The overloaded braces operator

template <typename... Args>
    auto operator()(Args&&... args) {
        using R = decltype(_func(std::forward<Args>(args) ...));


        static_assert(is_non_void<R>::value, "return type of function cannot be void");

        std::tuple<Args...> arguments = std::make_tuple(std::forward<Args>(args) ...);
        static std::map<std::tuple<Args...>, R> cacheMap;


        if (cacheMap.find(arguments) != cacheMap.end()) {
            return cacheMap.at(arguments);
        }
        else 
        {
            R result = _func(std::forward<Args>(args) ...);
            auto Pair = std::pair<std::tuple<Args...>, R>{arguments, result};
            cacheMap.insert(Pair);
            return result;
        }
}        


After the constructor has been designed. We overload the braces operator such that it takes variadic template of paramter types. We take rvalue references to this parameters so that we can pass them to the function to be invoked. If we dont do this the compiler would consider the parameters as lvalues since they would be associated with memory locations on the stack and we would not have all the arguments as a whole to pass to the called function and we would have no way of passing them to the called function. We then use perfect forwarding to pass the argument pack to the function to be called. Now as it stands we dont know the return type of the function.

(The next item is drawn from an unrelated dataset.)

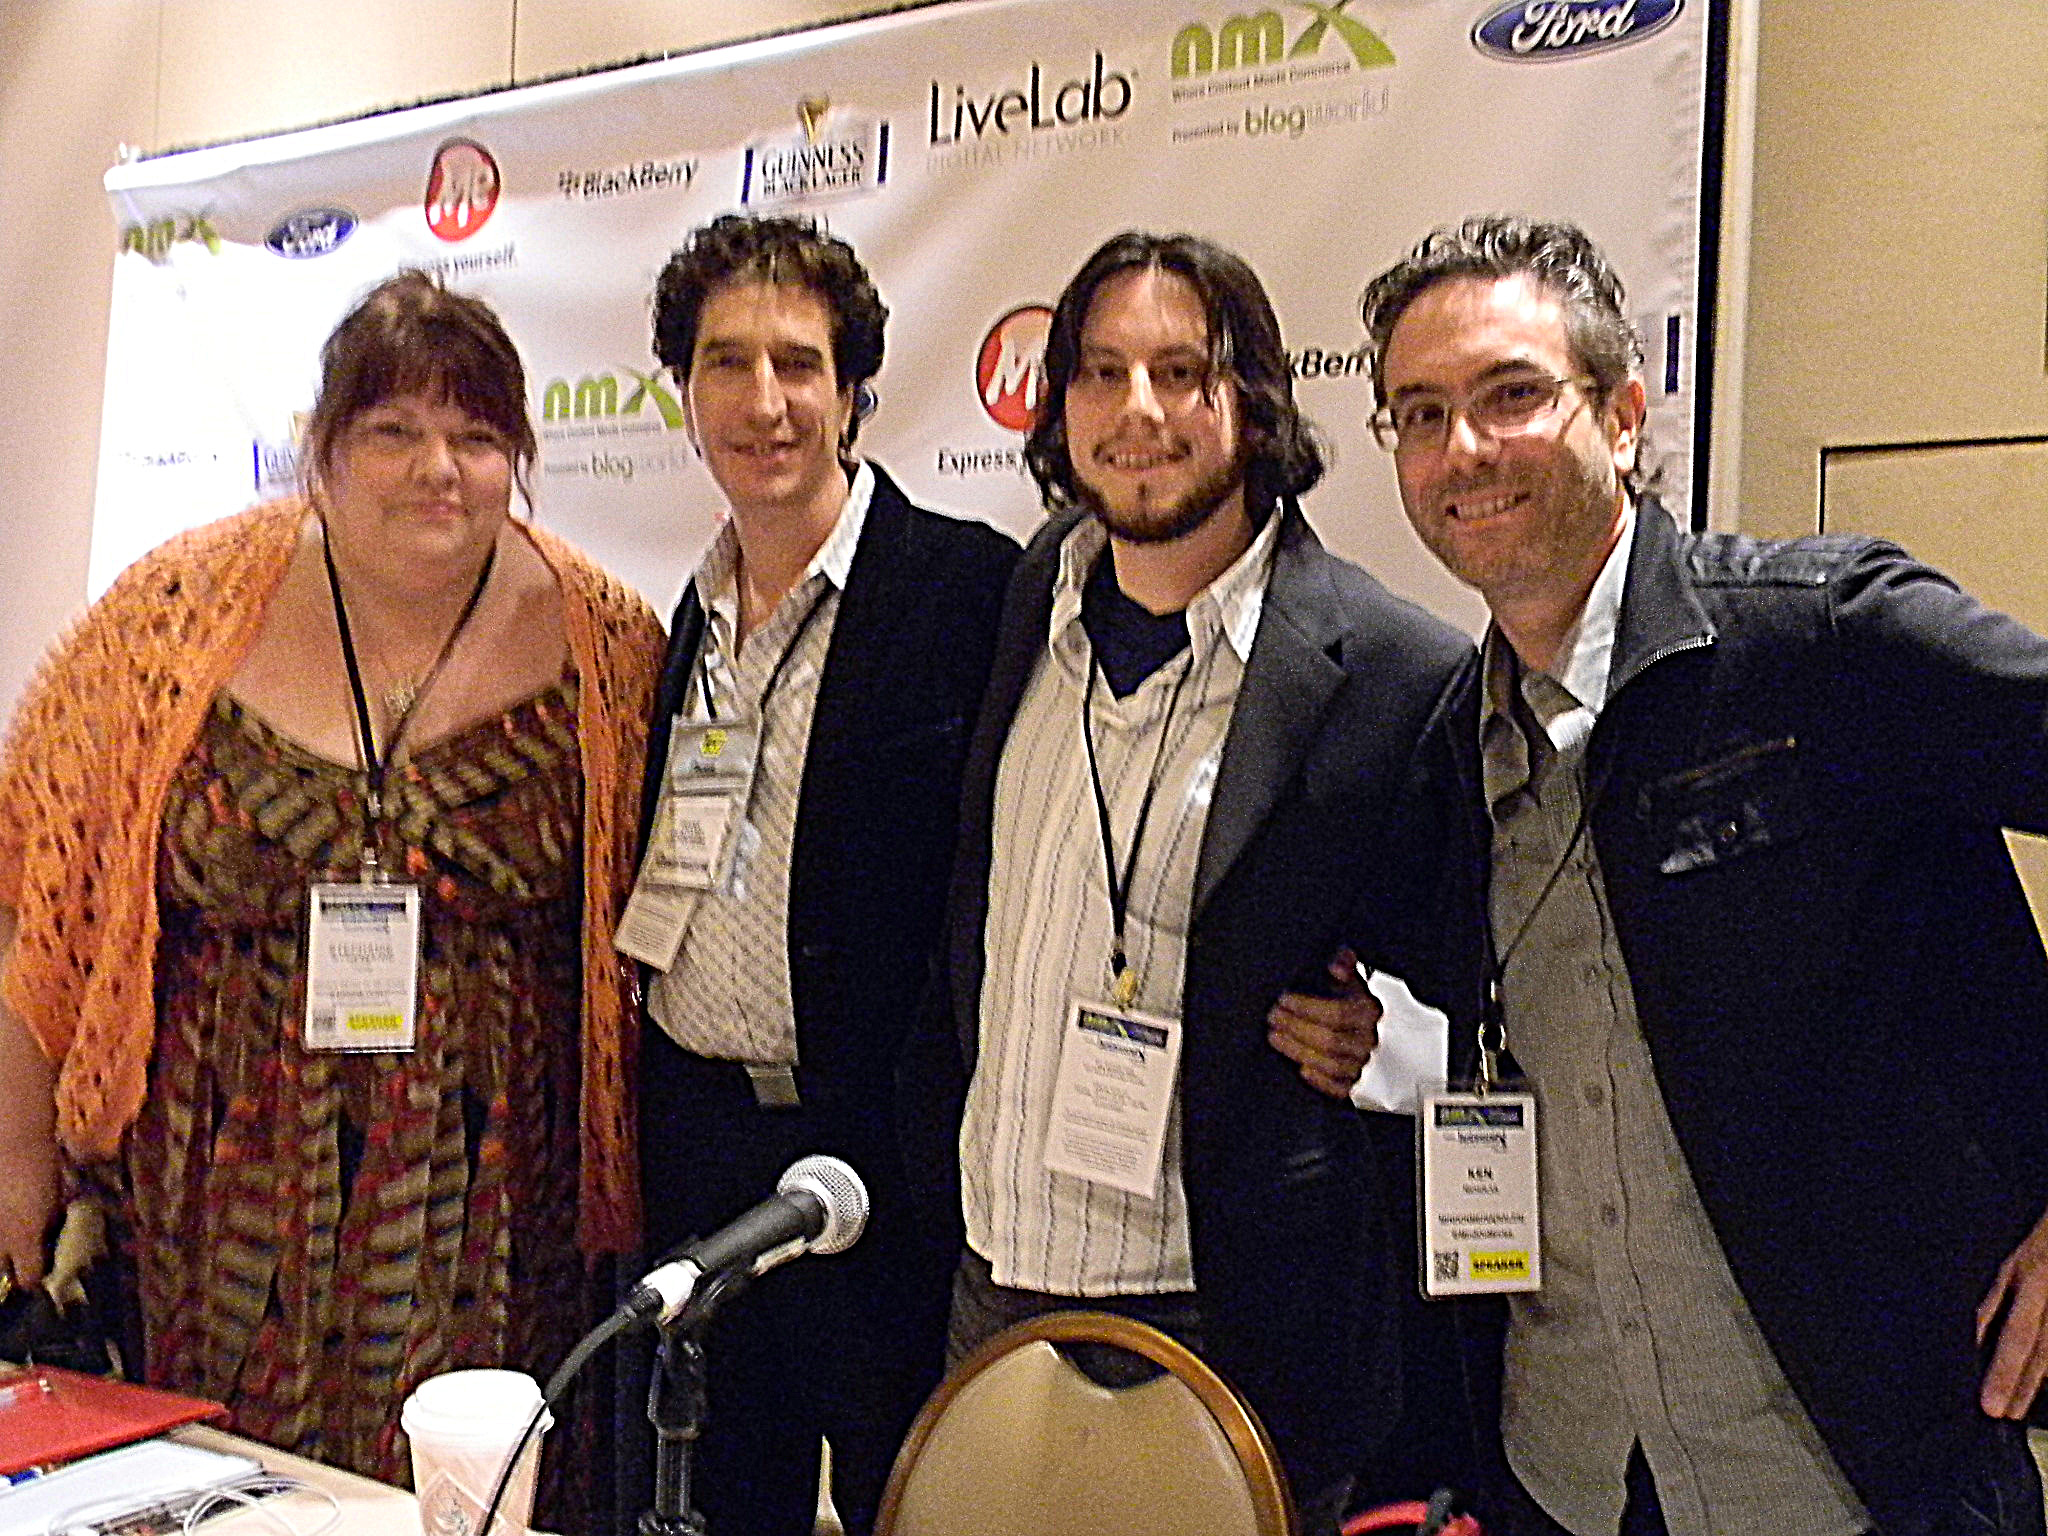 Stephanie Piche, Frank Chindamo, Avi Glijansky and Ken Nicholas at NMX 2013 in Las Vegas, NV

So we perform a compile time evaluation of the function, we then invoke the decltype specifier on the result which deduces the return type for us and keeps a type alias R to it.

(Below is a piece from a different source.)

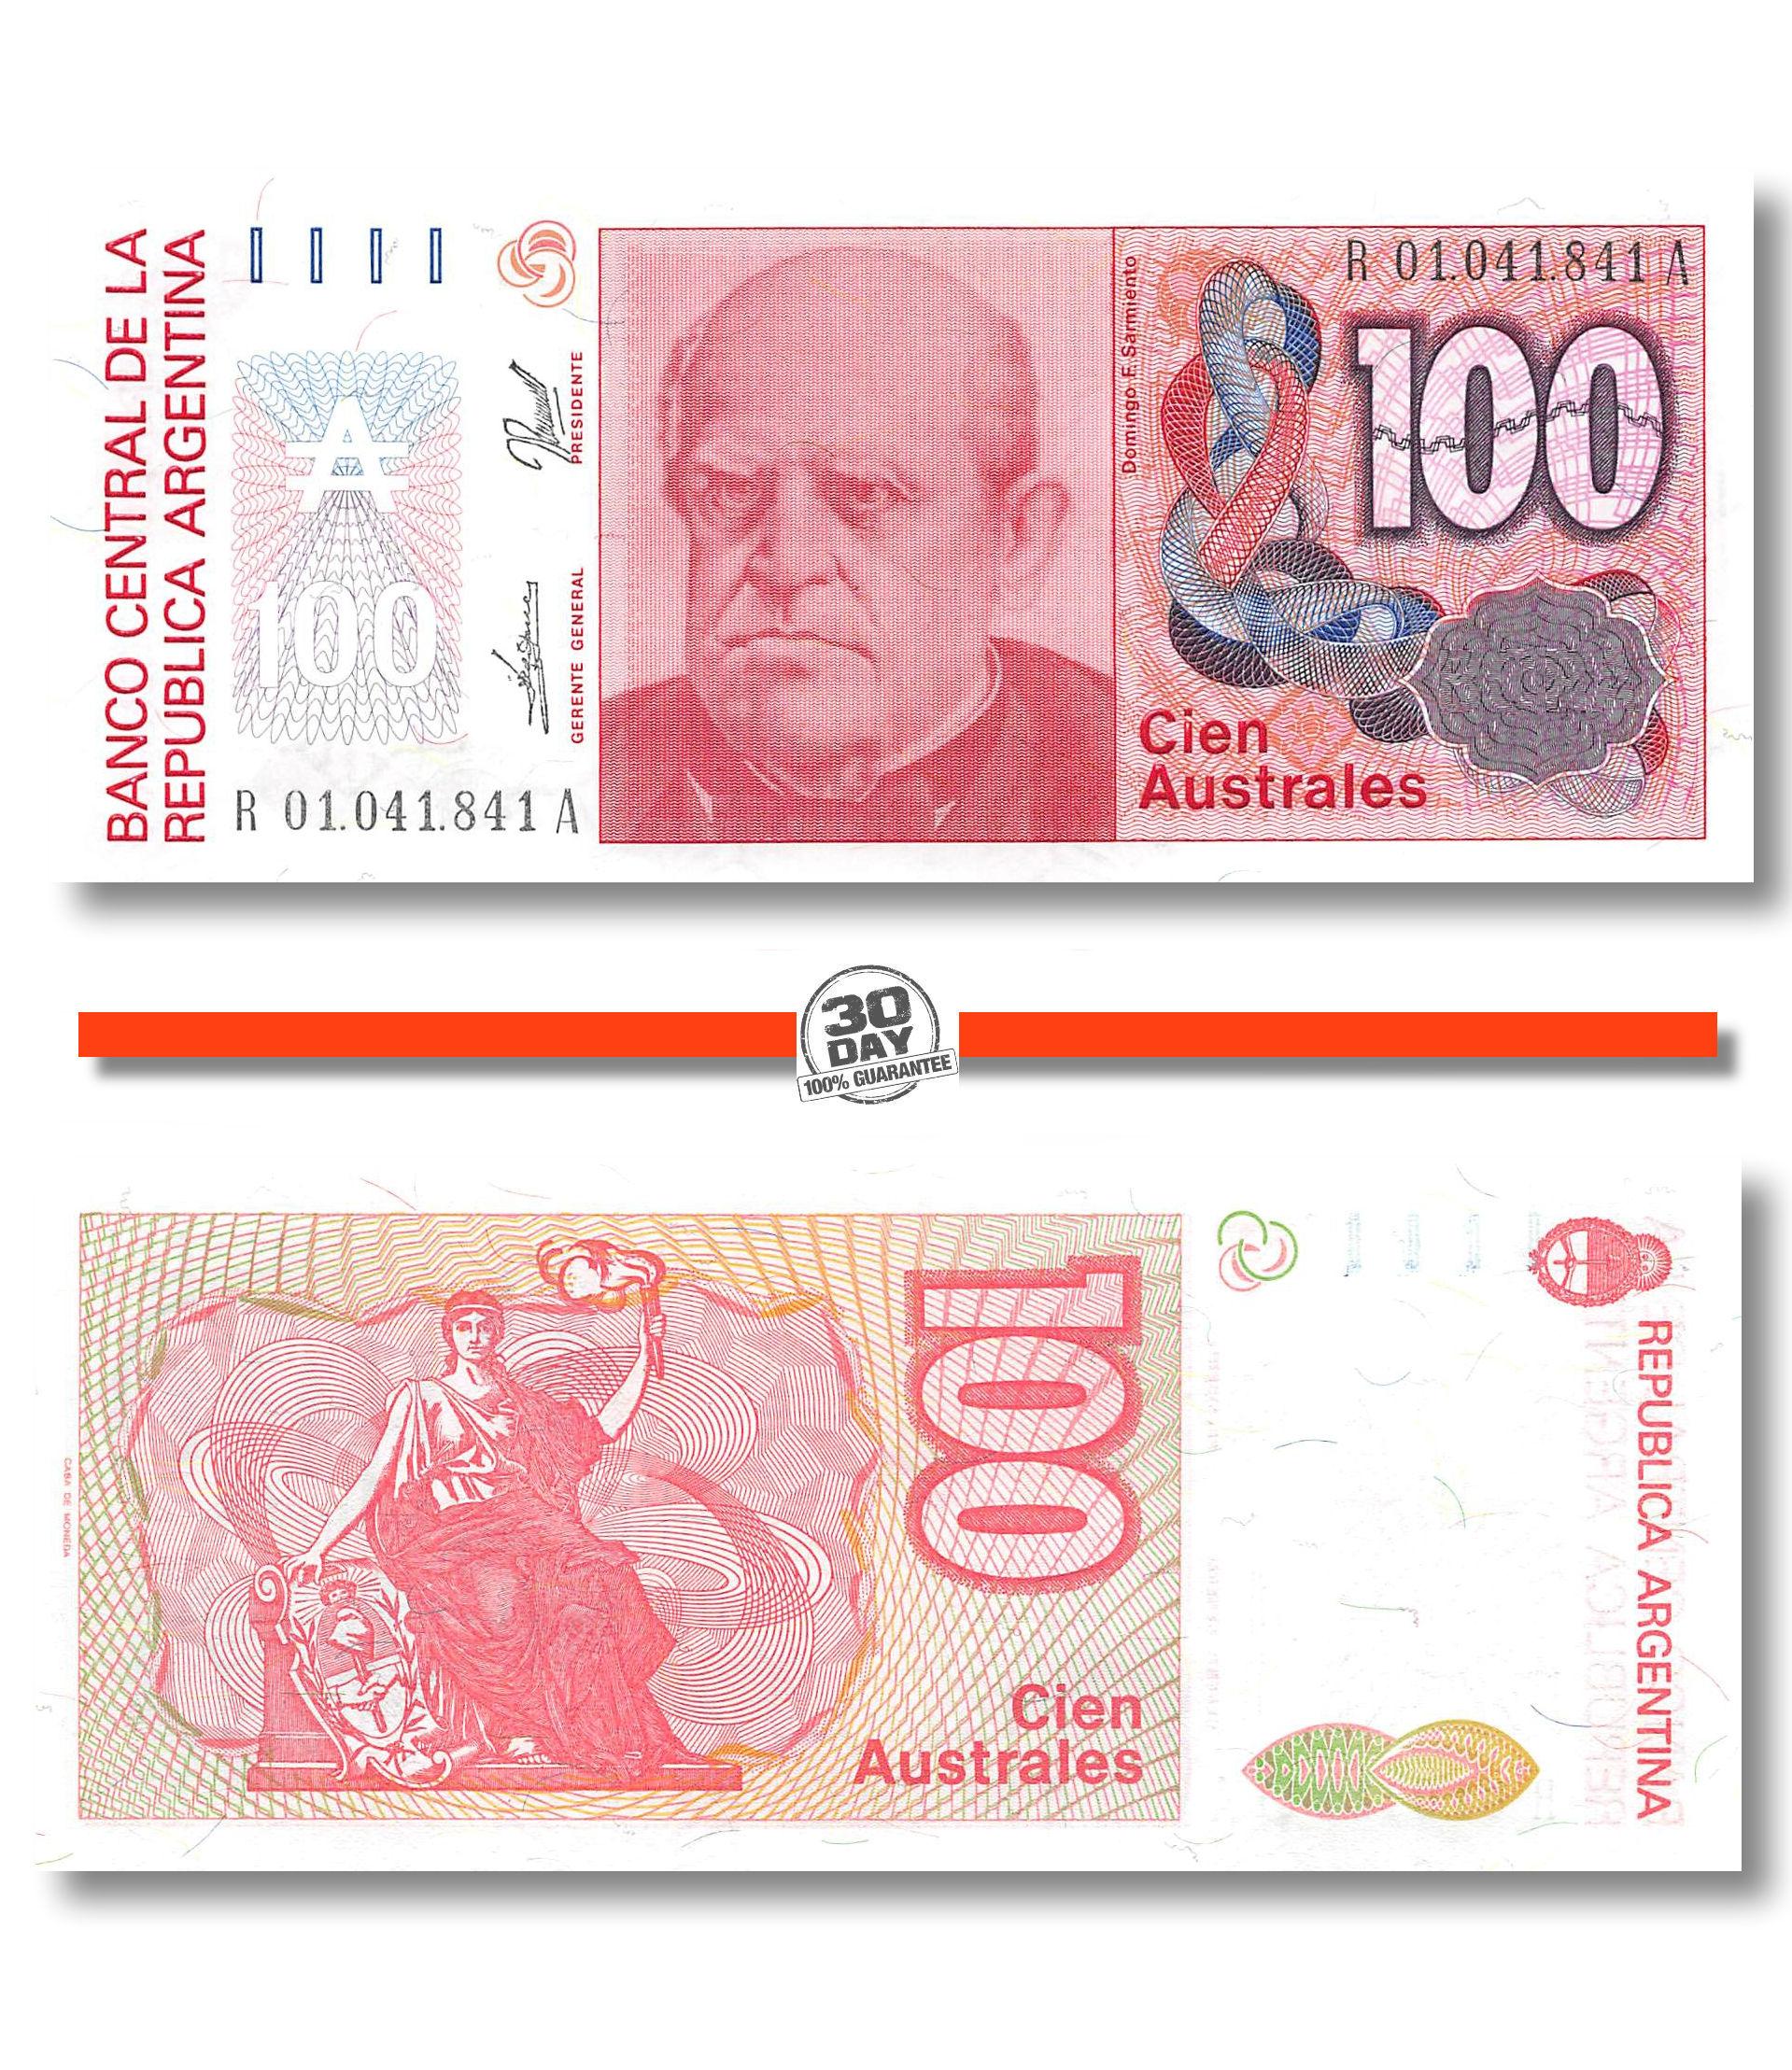 ARGENTINA BANKNOTE 100 AUSTRALES UNC

We then create a map that stores an std::tuple of the argument types as a keys and the return type as the value type. so if the sequence of arguments has been encounted before by the std::tuple, the first if statement yields a true and it returns the result if not it computes the results and stores them in the cacheMap after which it returns the value. This cacheMap is made static so that it stays for the duration of the whole program.

All together the code becomes.

# include <iostream>
# include <tuple>
# include <map>

template <typename Function>
struct Cache {
    Cache(Function func)
        : _func(func)
    {}


    template <typename... Args>
    auto operator()(Args&&... args) {
        using R = decltype(_func(std::forward<Args>(args) ...));

        static_assert(is_non_void<R>::value, "return type of function cannot be void");
        std::tuple<Args...> arguments = std::make_tuple(std::forward<Args>(args) ...);
        static std::map<std::tuple<Args...>, R> cacheMap;

        if (cacheMap.find(arguments) != cacheMap.end()) {
            return cacheMap.at(arguments);
        }
        else 
        {
            R result = _func(std::forward<Args>(args) ...);
            auto Pair = std::pair<std::tuple<Args...>, R>{arguments, result};
            cacheMap.insert(Pair);
            return result;
        }
    }

private:
    Function _func;
};        

Lets test this implementation. In this example we implement a function that adds two integers and returns its sum. A delay is added before the value is computed, that way if we ecounter a delay then it means the function was actually executed but if the value is returned almost immediately then it means the value was returned from the cache.

int main()
{
    using namespace std::literals::chrono_literals;
    Cache fcache{[](int x, int y){
        std::this_thread::sleep_for(2s);
        return x + y;
    }};

    auto now = std::chrono::system_clock::now();
    auto result = fcache(10, 10);
    std::cout << result << std::endl;
    auto afterFirstResult = std::chrono::system_clock::now();

    std::cout << "Duration: " << std::chrono::duration_cast<std::chrono::seconds>(afterFirstResult - now).count() << std::endl;

    now = std::chrono::system_clock::now();
    std::cout << fcache(10, 10) << std::endl;
    auto afterSecondResult = std::chrono::system_clock::now();

    std::cout << "Duration: " << std::chrono::duration_cast<std::chrono::seconds>(afterSecondResult - now).count() << std::endl;
}        

We then create a lambda function which we then pass to constructor of the cache object. We then invoke the cache object. In the first instance the duration would be 2 seconds since the function is actually called. But in the second instance since the sequence of arguments are the same, the results are not computed but returned immediately so the duration would be 0.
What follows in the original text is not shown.